Improvement Readiness

Ready to Launch

Here at the Center and at healthcare facilities around the globe, quality and safety is a top priority. We must continually look for ways to improve the way we do our work to ensure the highest standards of care with the best possible outcomes for patients and their families.

The work is stressful, though, and can take a toll both mentally and physically. And when you are tired and fatigued, worn out from late shifts and challenging cases, are you in the right state to take on a new quality improvement project?

Probably not. In fact, the quality improvement project’s impact could likely be diminished as we rely on overtaxed healthcare workers to do the job right.

In Dr. Carrie Adair et al.’s publication, The Improvement Readiness scale of the SCORE survey: a metric to assess capacity for quality improvement in healthcare, a team of researchers examine how we can measure how ready a team is for new project and preventative about the issue of readiness; if we can identify the units and teams that need more support before we ask too much of them, we can intervene and provide resources to ensure their success.
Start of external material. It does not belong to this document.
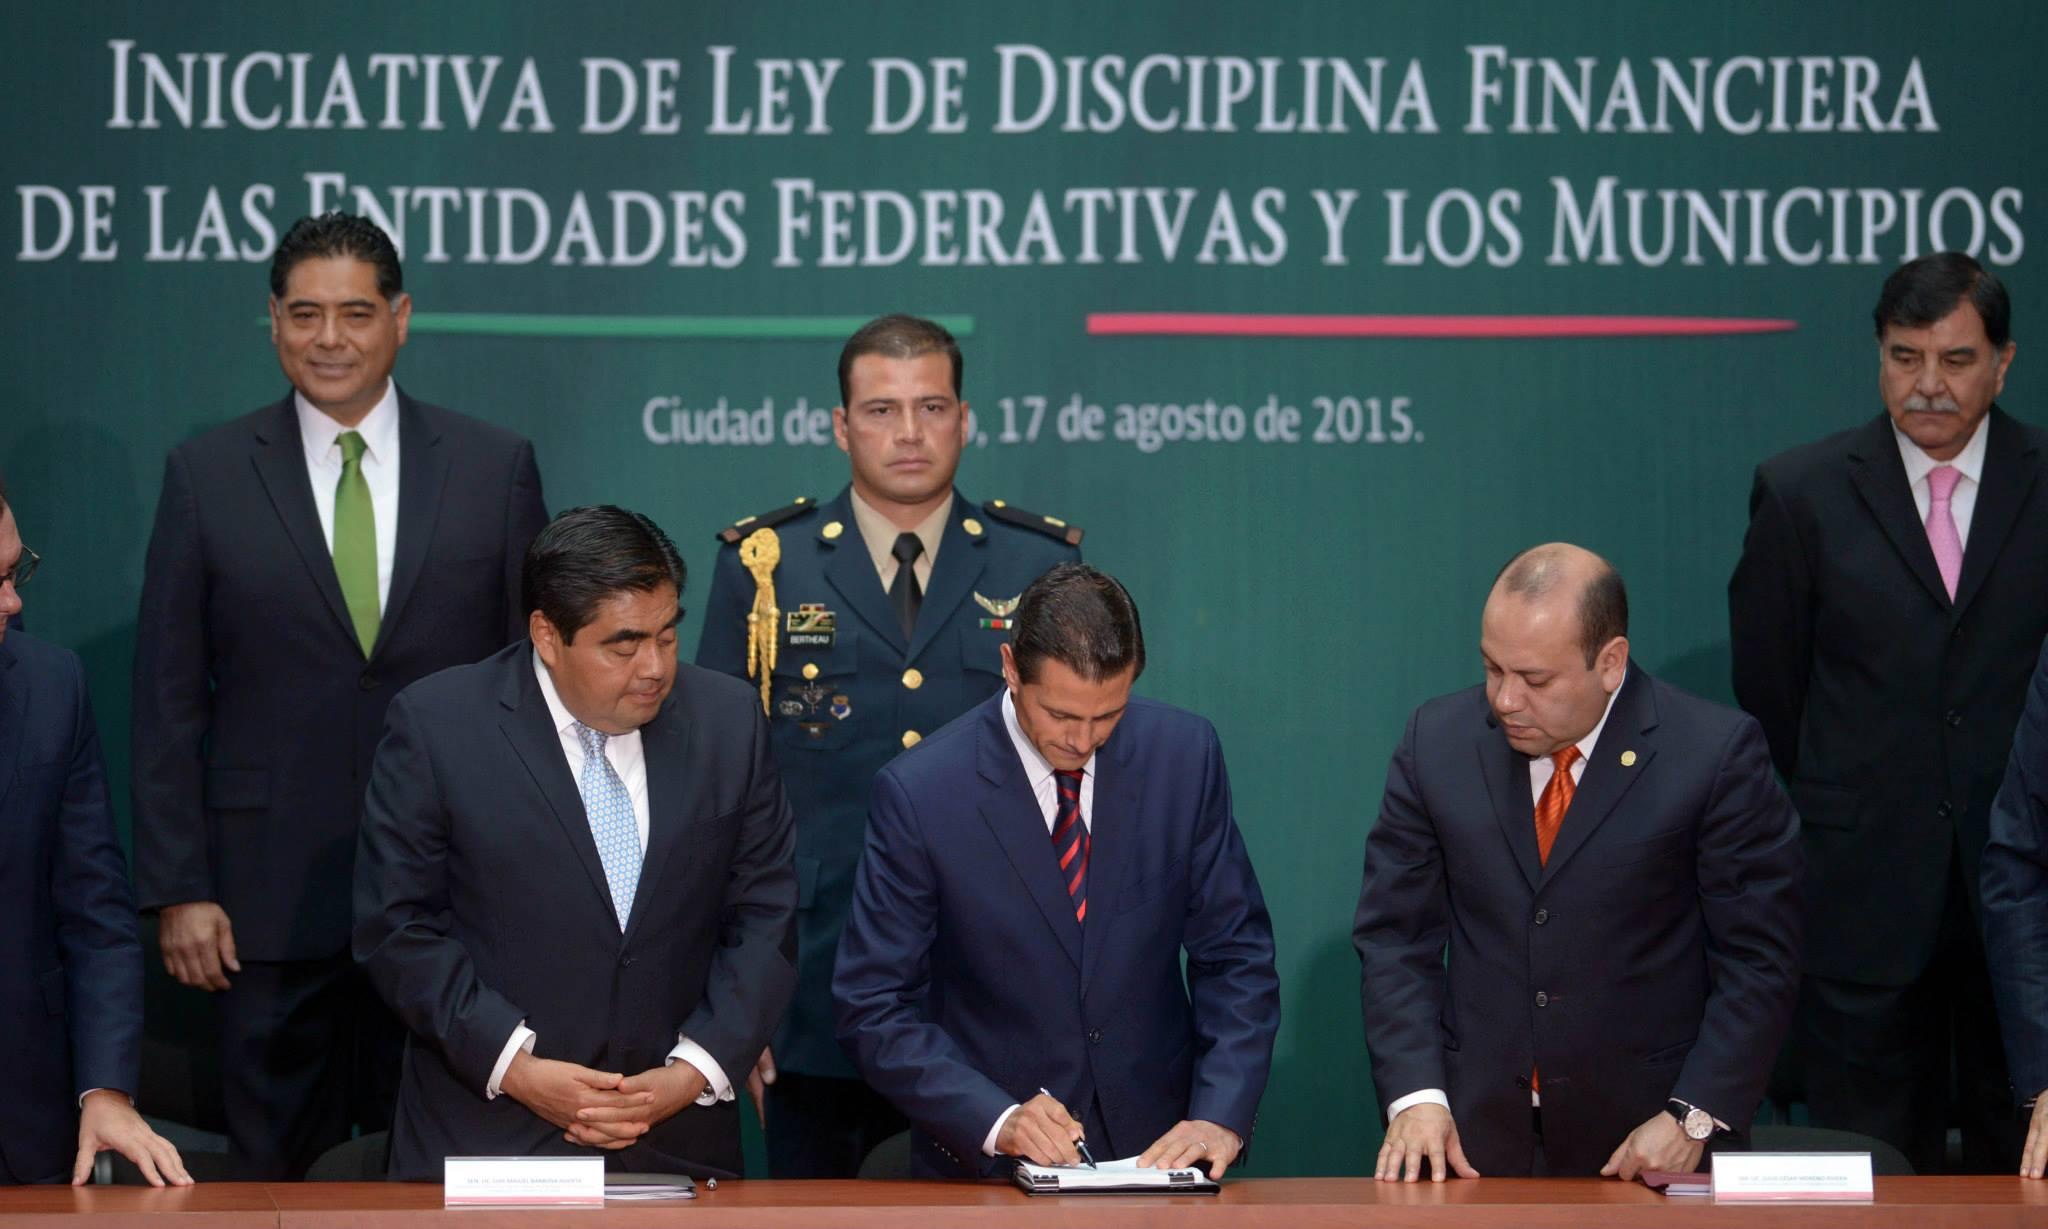 Palabras del Presidente de los Estados Unidos Mexicanos, licenciado Enrique Peña Nieto, durante la Presentación de la Iniciativa de Ley de Disciplina Financiera de las Entidades Federativas y los Municipios

We asked Dr. Adair a few questions about the publication and the idea of Improvement Readiness:


How does Improvement Readiness (IR) relate to healthcare worker burnout?

Being high in Improvement Readiness (IR) means your team has the ability to take on quality improvement projects, engage in continuous self-reflection, and participate in ongoing learning – all of which require psychological bandwidth or capacity. But when we are burned out, our capacity to do more, especially to take on new projects or think deeply about quality improvement, is severely compromised. The data from our study reflect this. We found that burnout accounts for about 40% of the variance in IR – suggesting that groups high in burnout will have much lower improvement readiness. It also suggests that by reducing burnout we are also improving the likelihood that workers will be better prepared to tackle pressing quality issues.
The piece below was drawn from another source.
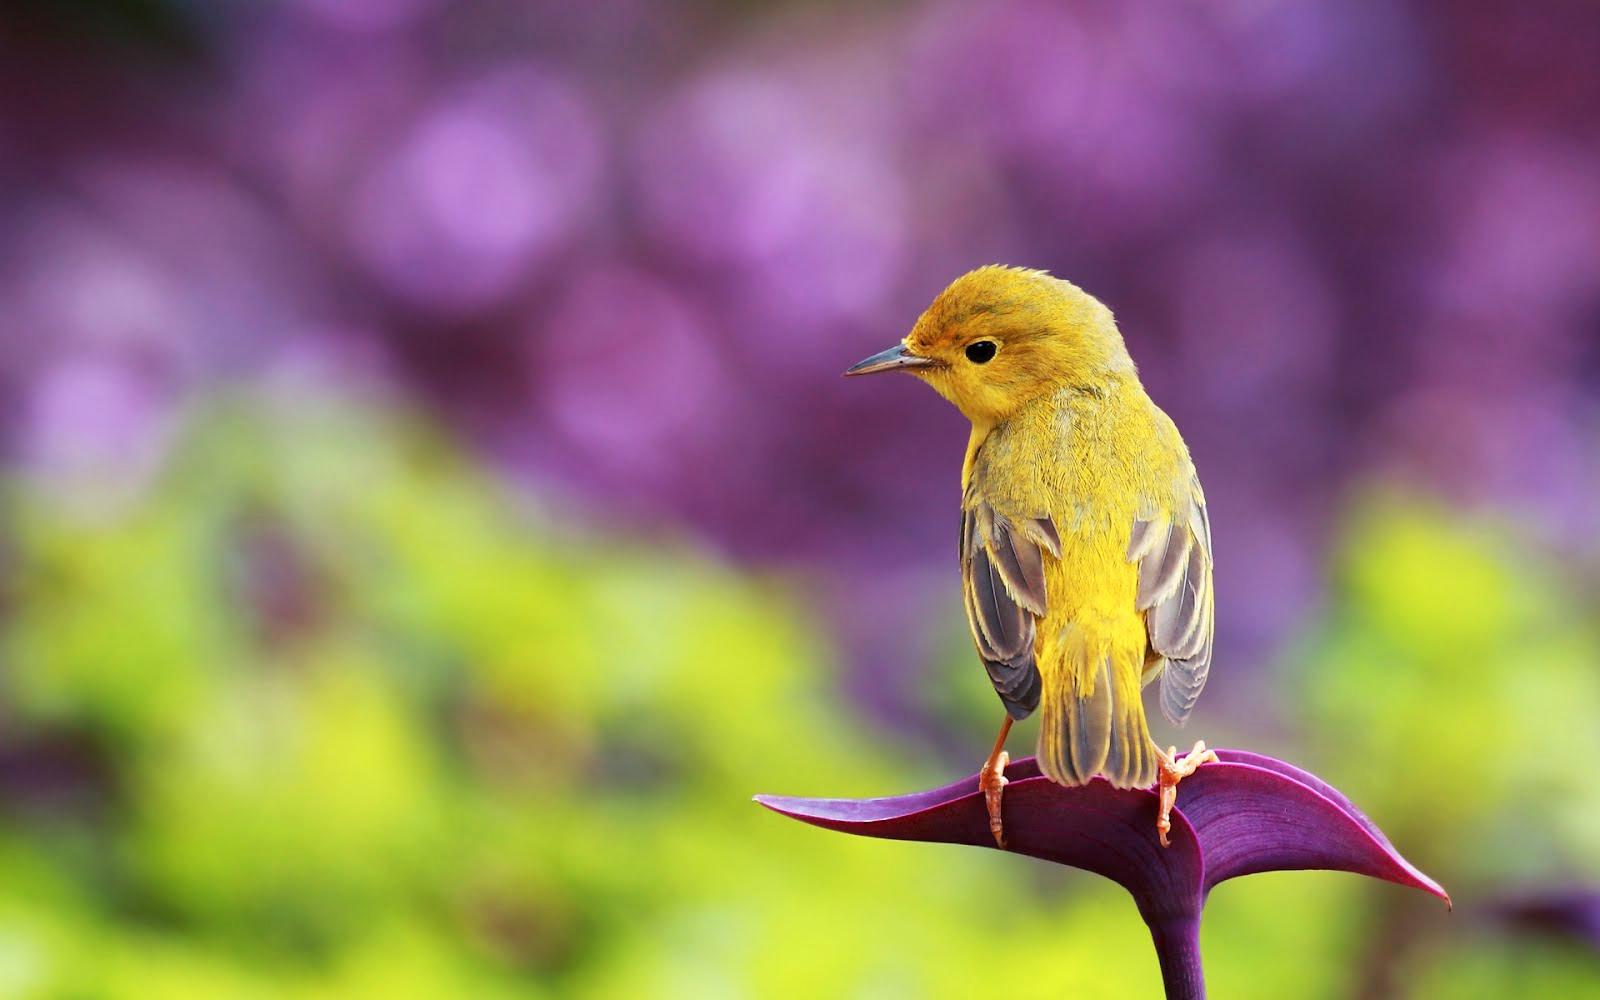 Fondos de pájaros

You show in this paper how the SCORE (Safety, Communication, Operational Reliability and Engagement) survey can be used to measure IR. If a unit scores poorly in IR, what can a unit leader do to improve scores?

IR can be considered an index of group-level capacity for quality improvement. There are several avenues for leaders to improve their IR scores, each which depend on the culture and factors at play in a given unit. Given the high rate of burnout in healthcare, leaders should first look to the burnout scores in that unit. If burnout is high, start by identifying the sources of burnout in the work setting, taking appropriate action, and begin evidence-based interventions to improve well-being. For instance, the Three Good Things tool can reduce burnout and improve wellbeing, and it’s simple – for instance, consider asking everyone to answer  “What’s one good thing (professionally or personally) that has happened so far this week?” to your next meeting.

If burnout doesn’t seem to be a big issue, leaders can support and protect the ongoing learning of their workers by giving them opportunities to attend and present at conferences, talks, and trainings.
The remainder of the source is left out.